Graph Search has something to provide both advertisers and users. By including Facebook’s Nearby Places service, the social network looks to create more local reviews of businesses from users within a close geographic proximity. Incentive programs, useful information and the opportunity to champion a new area of the online space makes Graph Search + Nearby Places an enticing offer for local businesses and online marketers alike.

Once more test cases prove out; once more sharpness in the system arrives, Graph Search will fundamentally change the Facebook user experience.

Newsfeed – Unifying the experience with a mobile lead

Newsfeed will unify the mobile-tablet-and-desktop experiences for users.
Newsfeed will unify the mobile-tablet-and-desktop experiences for users.

Newsfeed is a unification of the experience with a heavy mobile lead. It will, predictably, become one more somewhat minor user interface updates in a whole series of enhancements as Facebook iterates it’s layout, design and user experience to be more and more mobile-friendly.

Today, this change seems fairly significant, but I predict in the not to distant future newsfeed will be just another update in a long continuum of updates (don’t they all seem to go this way?).

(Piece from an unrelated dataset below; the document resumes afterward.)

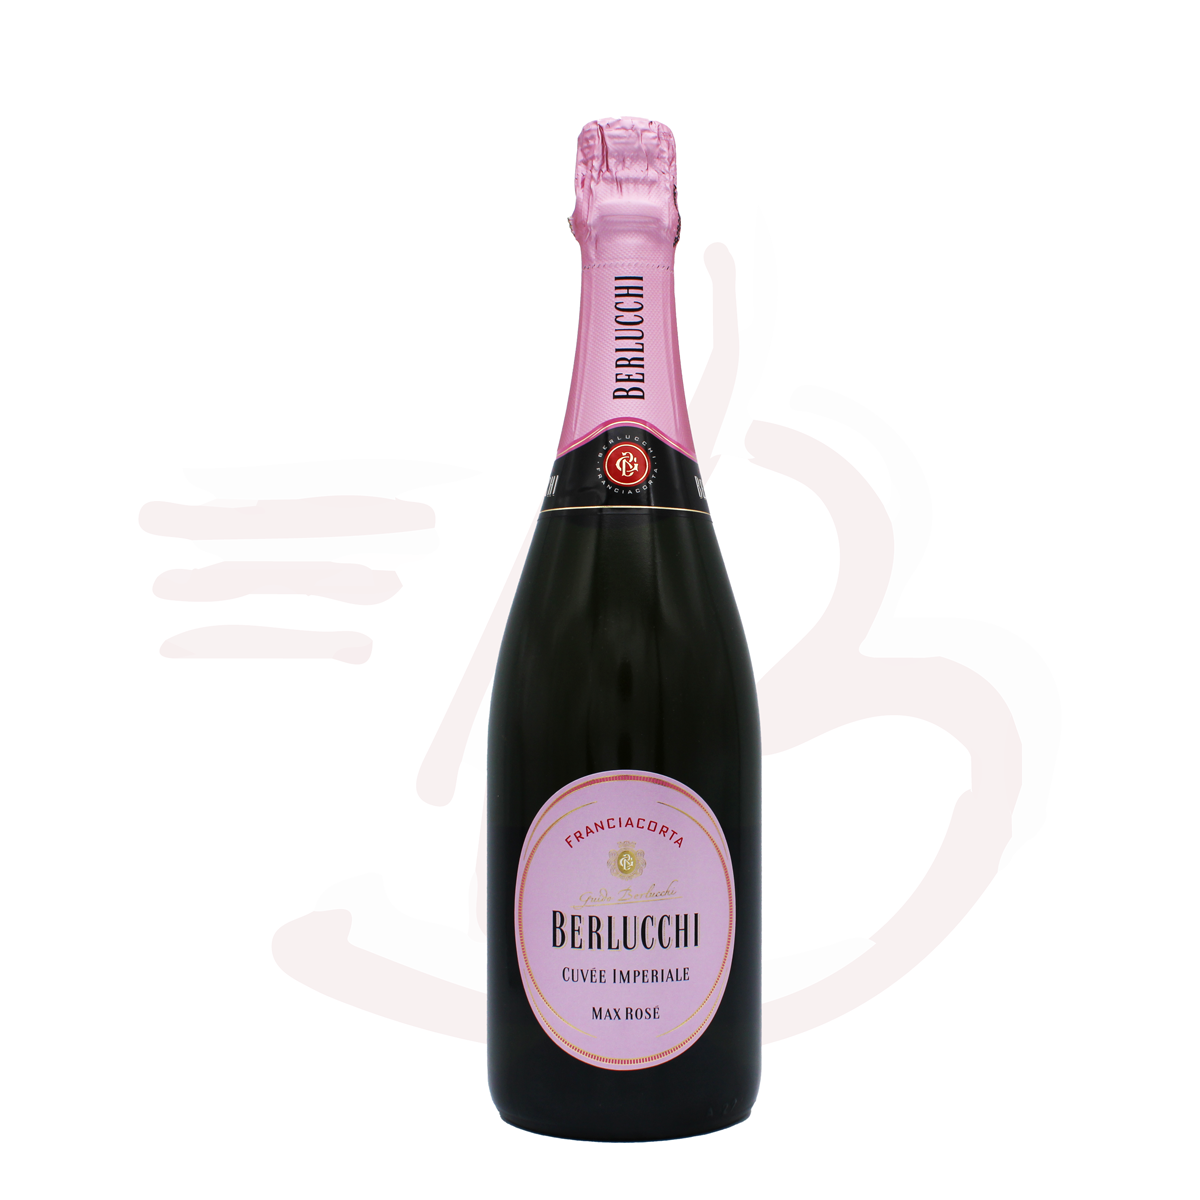 Berlucchi - Cuvée Imperiale Max Rosé 0,75l - Buonissimo Weinshop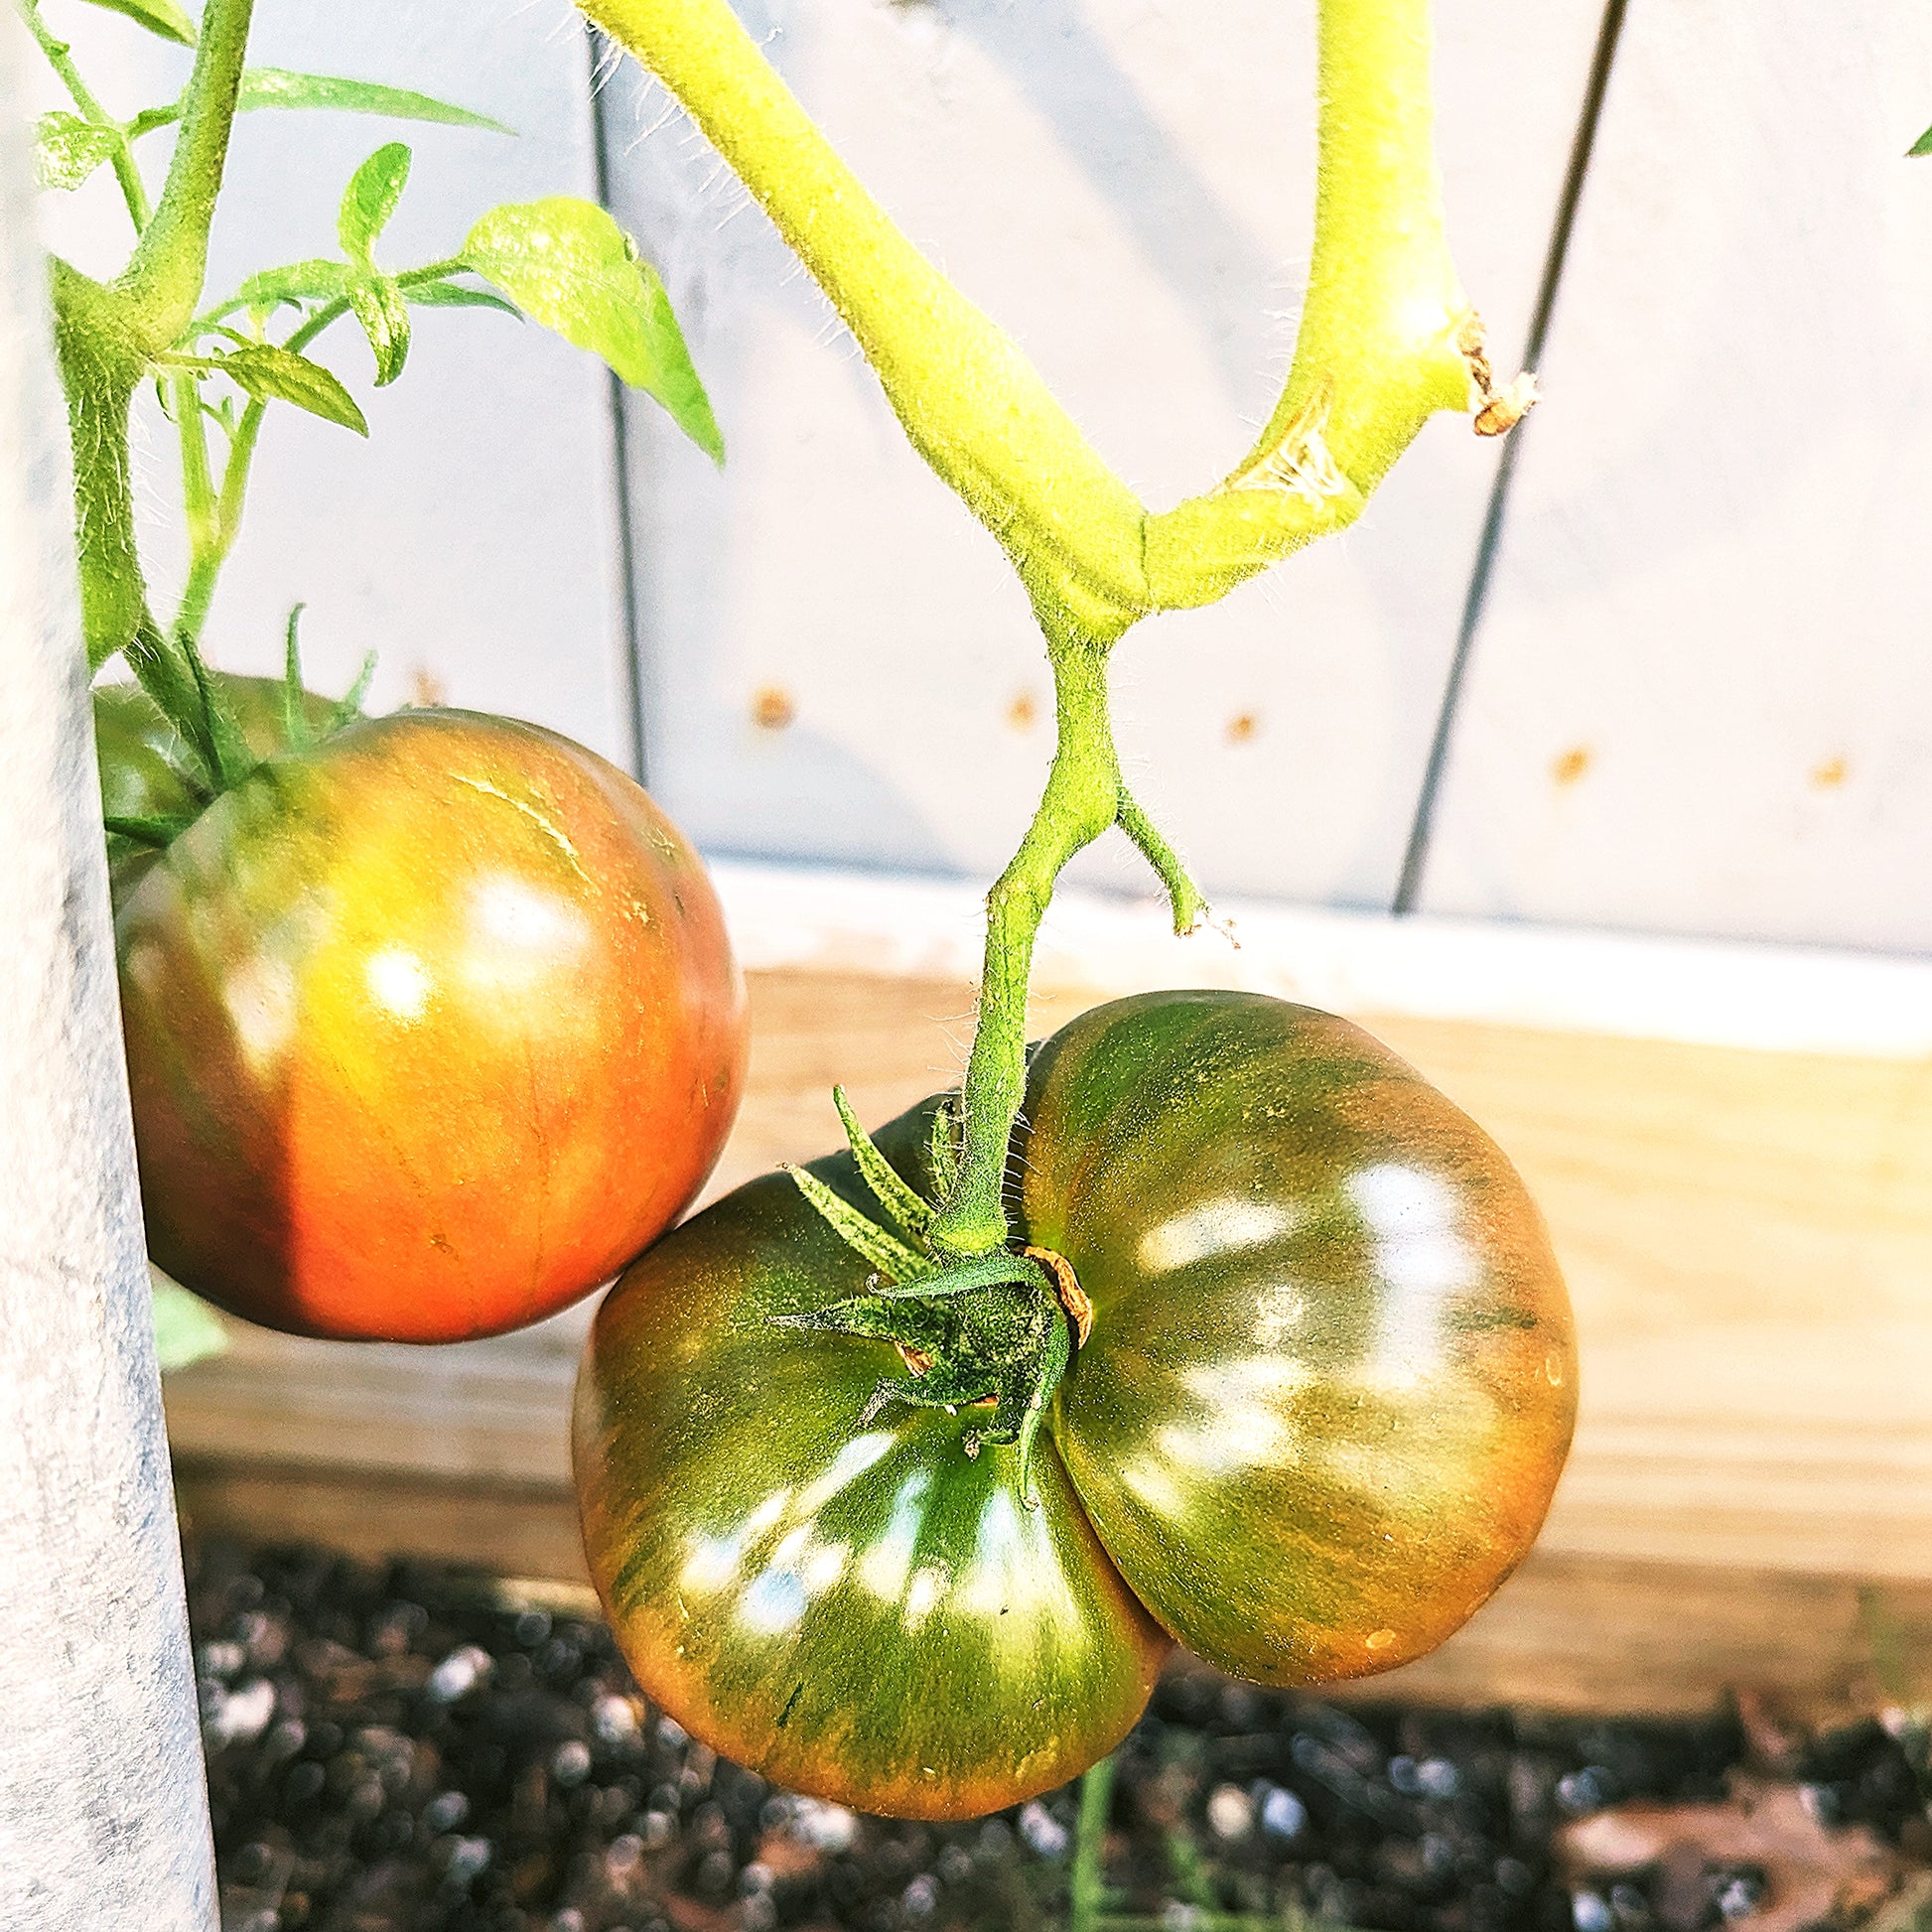 Tomato seeds - Cherokee purple.

Overall, this will provide a more seamless experience across device types. I’m interested to see how they handle (if they address) click options differently. Commonly, mobile interface, or design features big buttons to accommodate a users ‘clicking’ with their thumbs. Desktop hyperlinked text phrases and other ‘click’ options don’t require such large buttons (or accommodation). In this age of the responsive website this aspect of the user experience is pretty fascinating.

Combined these UI changes  – navigation changes, information retrieval and display processes – have and continue to change the look and experience of Facebook, we’ll see what this unification does to put Facebook into the mobile-future for users.

Threaded Comments – Our coversation re-organized and renewed

Threaded Comments will launch for all pages in July.
Threaded Comments will launch for all pages in July.

Already started for many larger pages, threaded comments also stand to shake things up a bit.  I see this update as one that may help further lead the web-space into a frenzy of personal conversations going in a million different directions.

Threaded messages ‘help organize’ conversations by fragmenting them into new and subsequent conversations. This update alone, I don’t think will turn our world upside down. However, I do look at this as one more iteration in a continuum of updates that (combined with a tech-thirsty, wired-world) will demonstrate further how we are moving swiftly into an age of communication that might even more readily be classified as ‘controlled chaos’.